__What is required__: Skipping all images, output the listing word for word.

__Given data__:
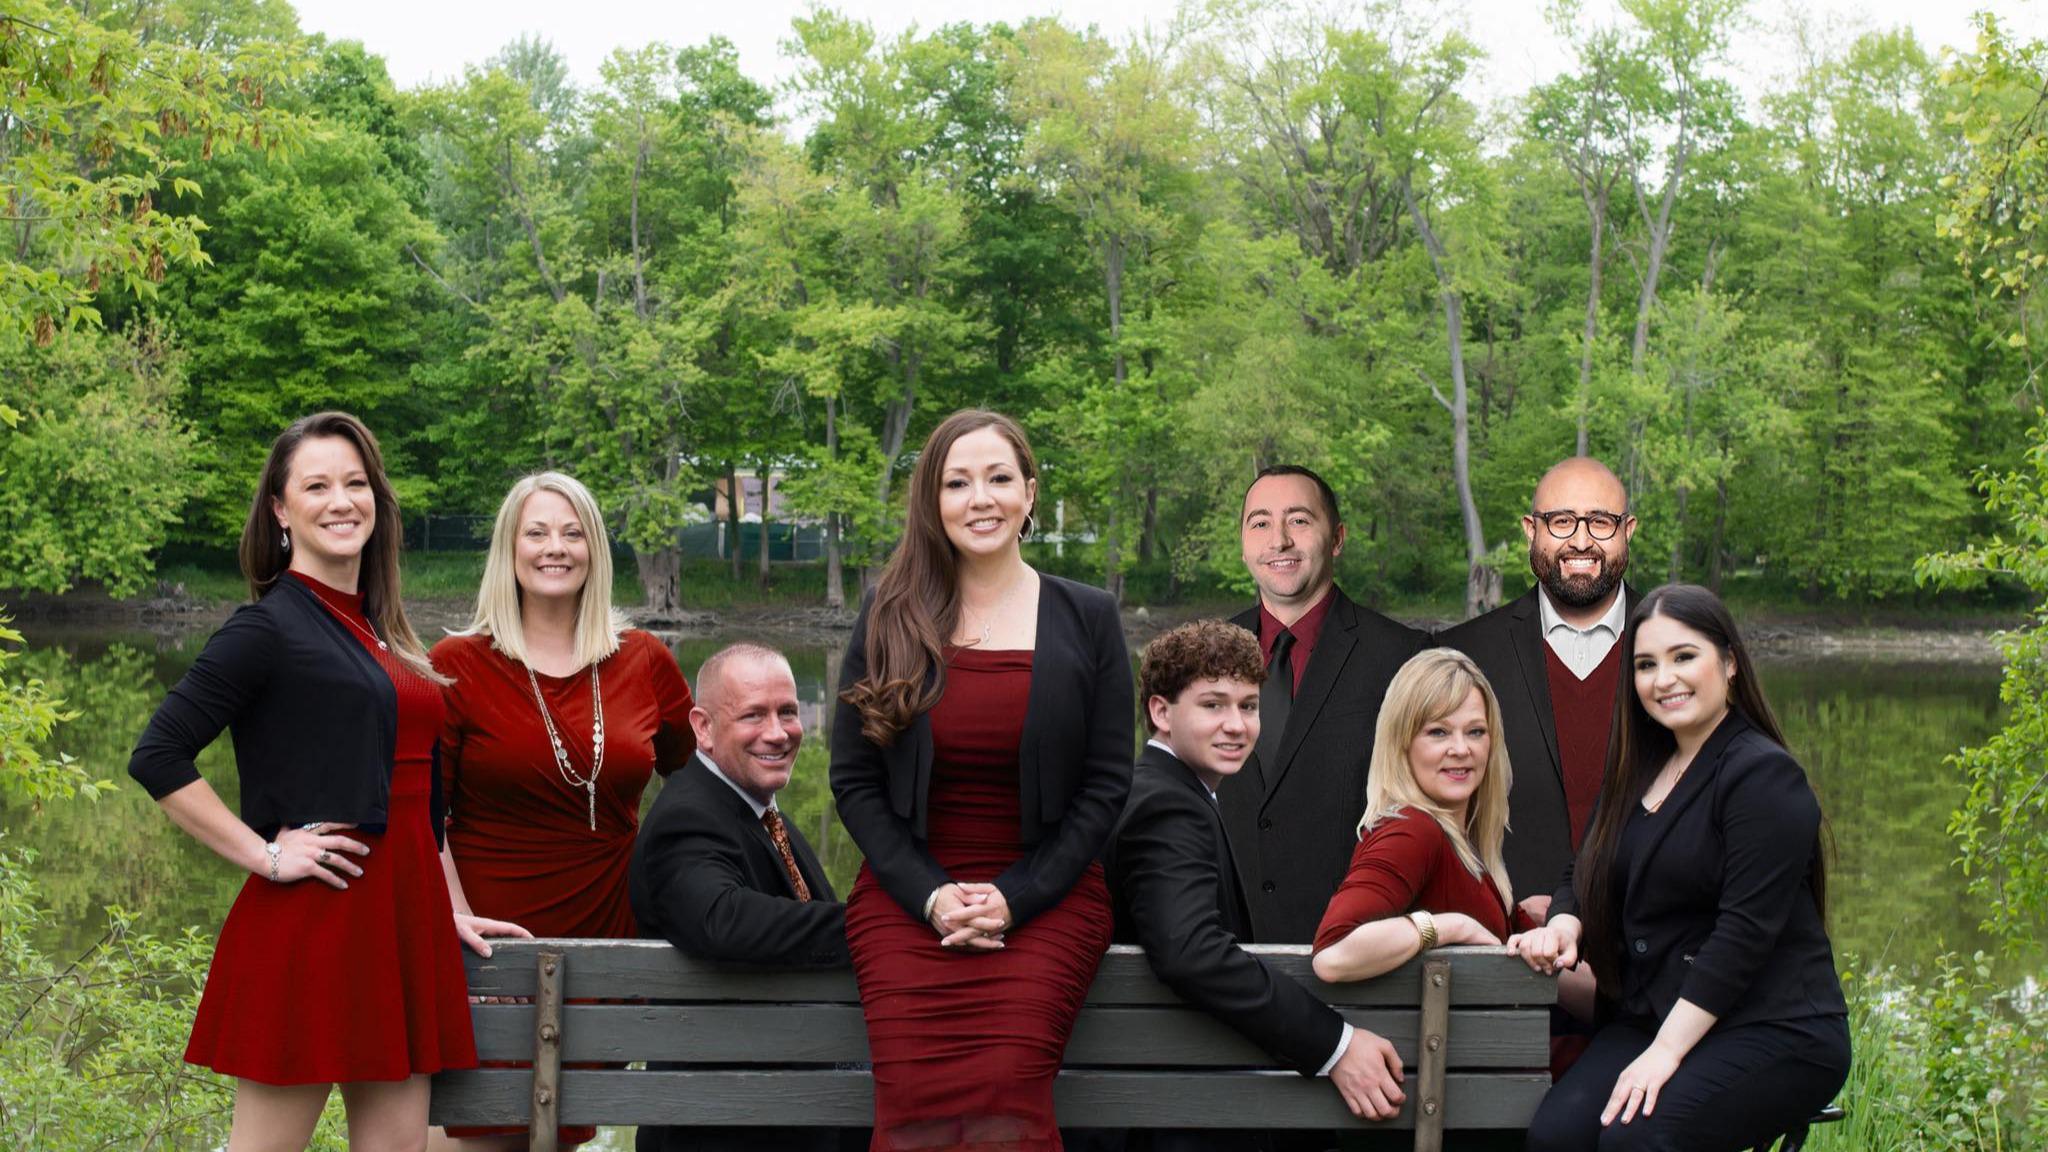 We are a full-service professional real estate group. We Make it Simple Because We Care. The Giovanna Group-Keller Williams Infinity 105 E Spring St, Yorkville, IL, United States, Illinois (630) 333-2798
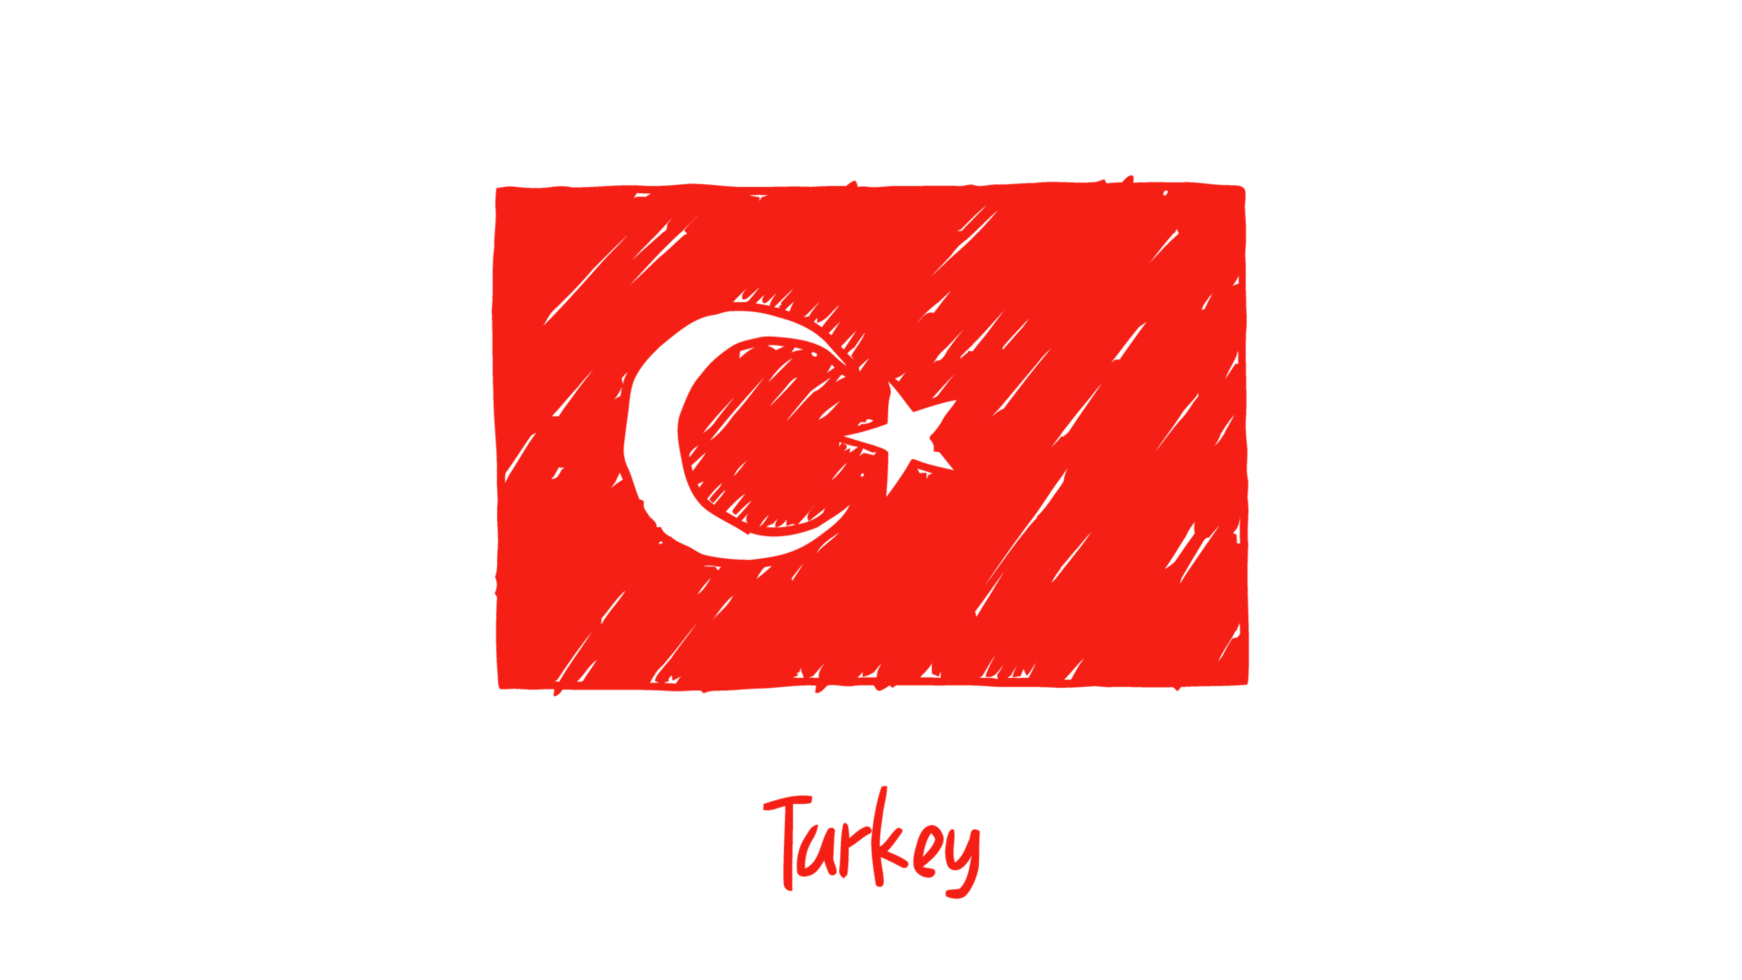 Turkey National Country Flag Pencil Color Sketch Illustration with Transparent Background png
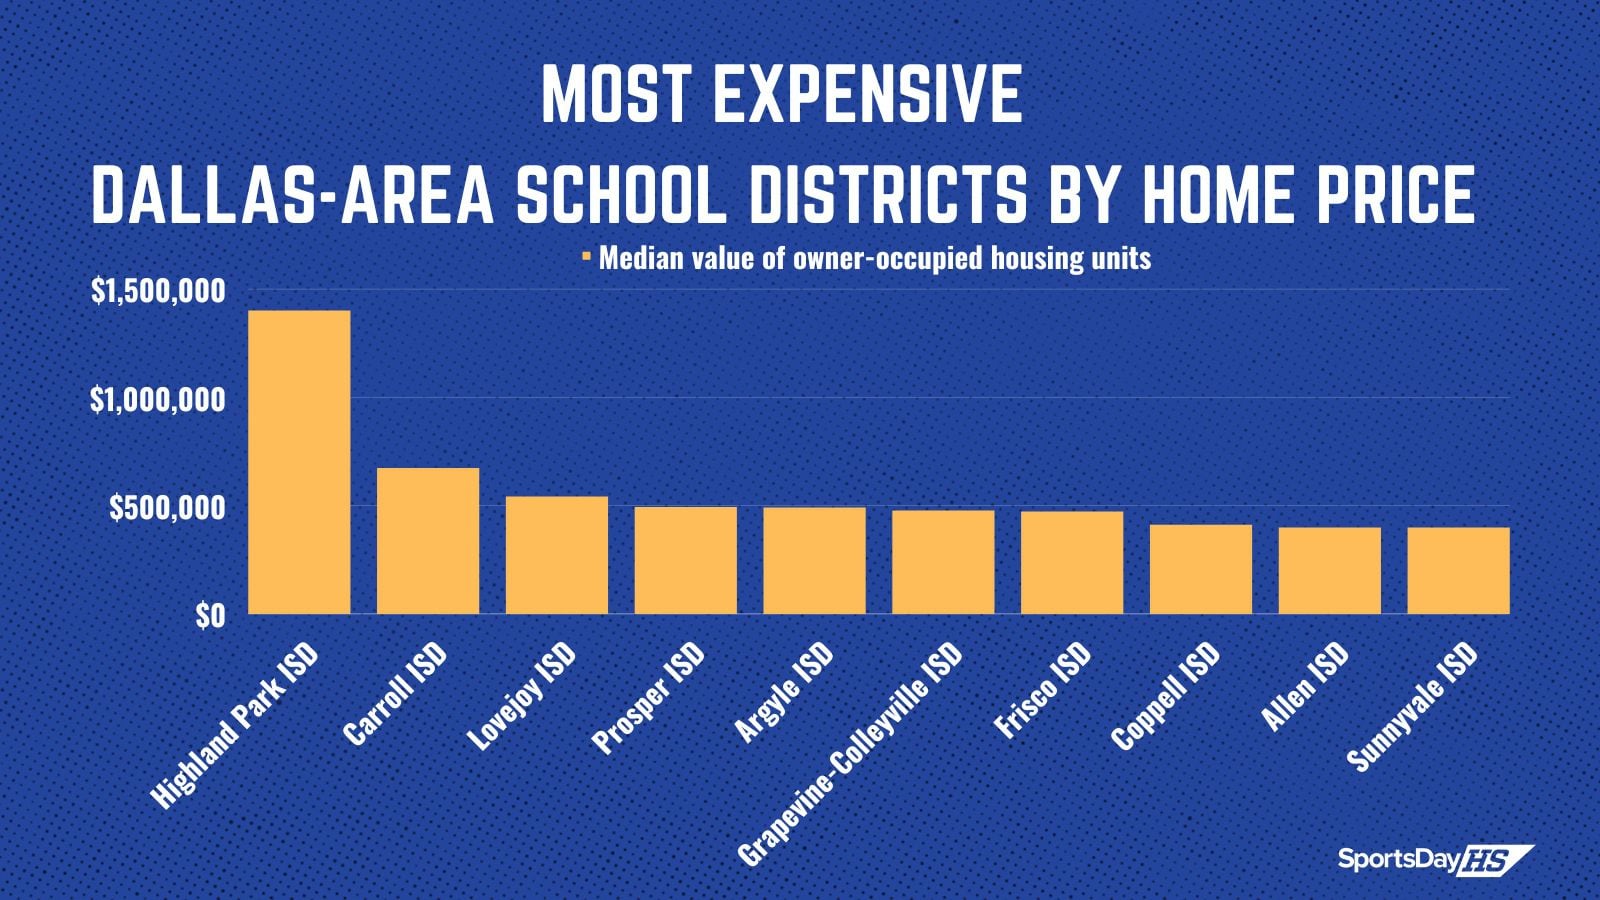 A look at the top 10 most expensive Dallas-area school districts by home price

__Final answer__:
 We are a full-service professional real estate group. We Make it Simple Because We Care. The Giovanna Group-Keller Williams Infinity 105 E Spring St, Yorkville, IL, United States, Illinois (630) 333-2798
 Turkey National Country Flag Pencil Color Sketch Illustration with Transparent Background png
 A look at the top 10 most expensive Dallas-area school districts by home price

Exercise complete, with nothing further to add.